Un informe técnico reveló que múltiples paquetes npm del ámbito @redhat-cloud-services distribuyeron malware capaz de robar secretos de GitHub Actions, credenciales cloud y tokens npm. La carga maliciosa también intentaba propagarse de forma autónoma republicando paquetes comprometidos.
***
- El malware se ejecutaba mediante un hook preinstall durante cada npm install y usaba varias capas de ofuscación.
- La carga apuntaba a secretos de GitHub Actions, AWS, GCP, Azure, Kubernetes, Vault, npm, CircleCI, SSH, Docker y archivos .env.

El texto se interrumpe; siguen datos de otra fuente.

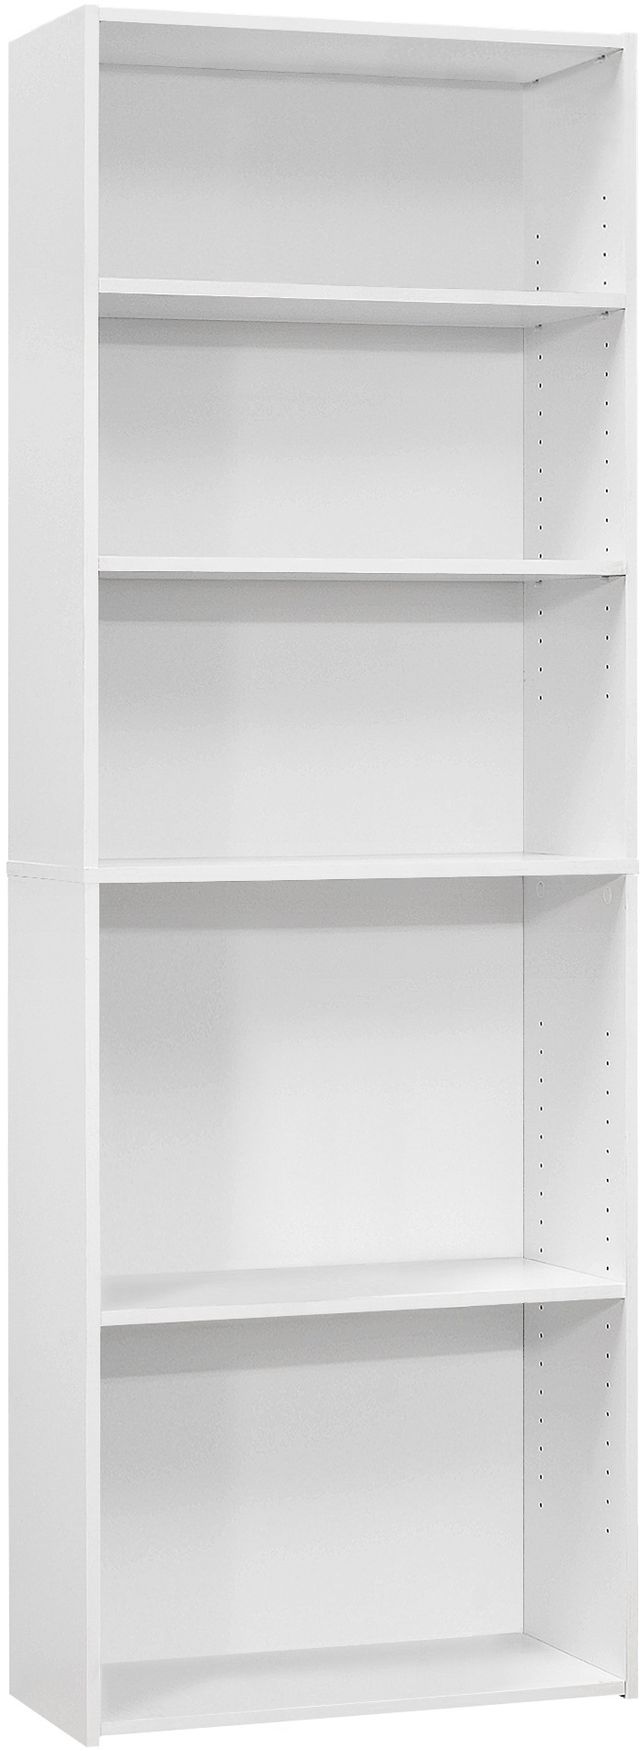 Monarch Specialties Inc. 72"H White 5 Shelves Bookcase 1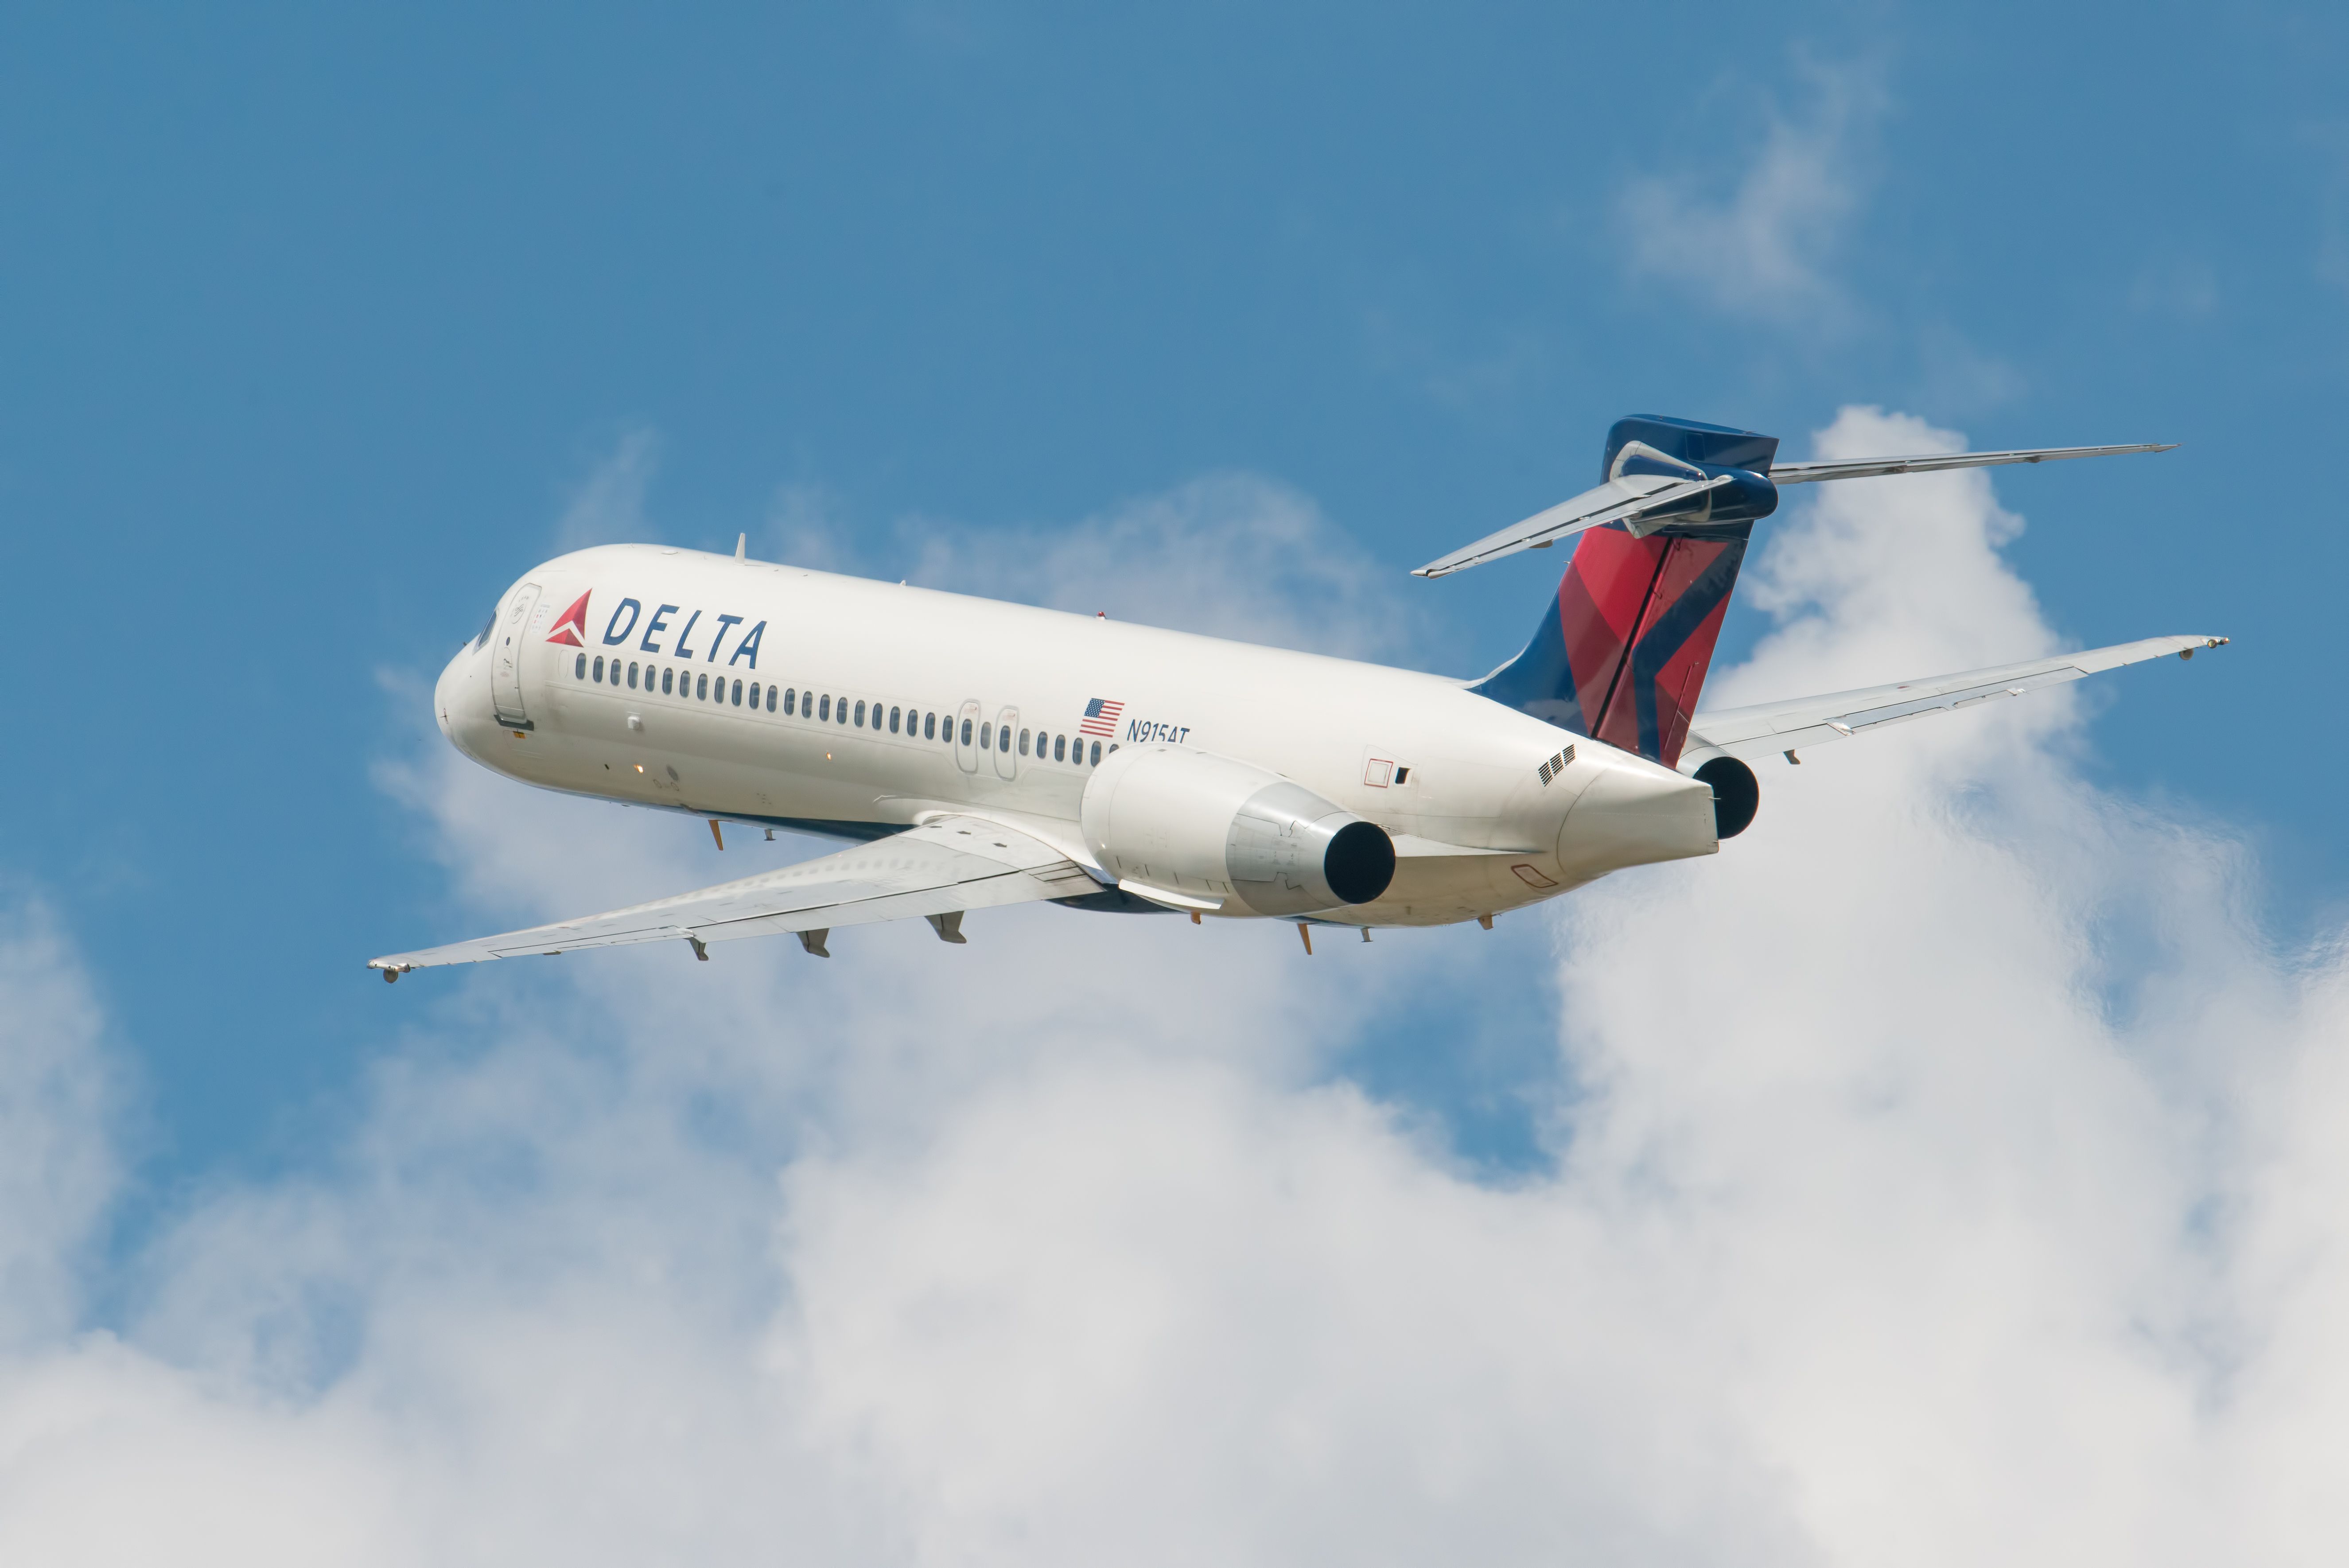 Delta Air Lines Boeing 717-200 departing.

- El ataque incluía capacidades de gusano, persistencia en estaciones de trabajo y exfiltración mediante api.github.com.
Un nuevo incidente de cadena de suministro volvió a poner bajo presión al ecosistema de desarrollo JavaScript. Varios paquetes npm bajo el ámbito @redhat-cloud-services distribuyeron una carga maliciosa que se activaba de forma automática durante la instalación.
Según un análisis publicado por StepSecurity y firmado por Rohan Prabhu el 1 de junio de 2026, el malware se ejecutaba mediante un hook preinstall en cada npm install. Eso significa que el ataque podía comenzar antes de que la aplicación del usuario ejecutara su propio código.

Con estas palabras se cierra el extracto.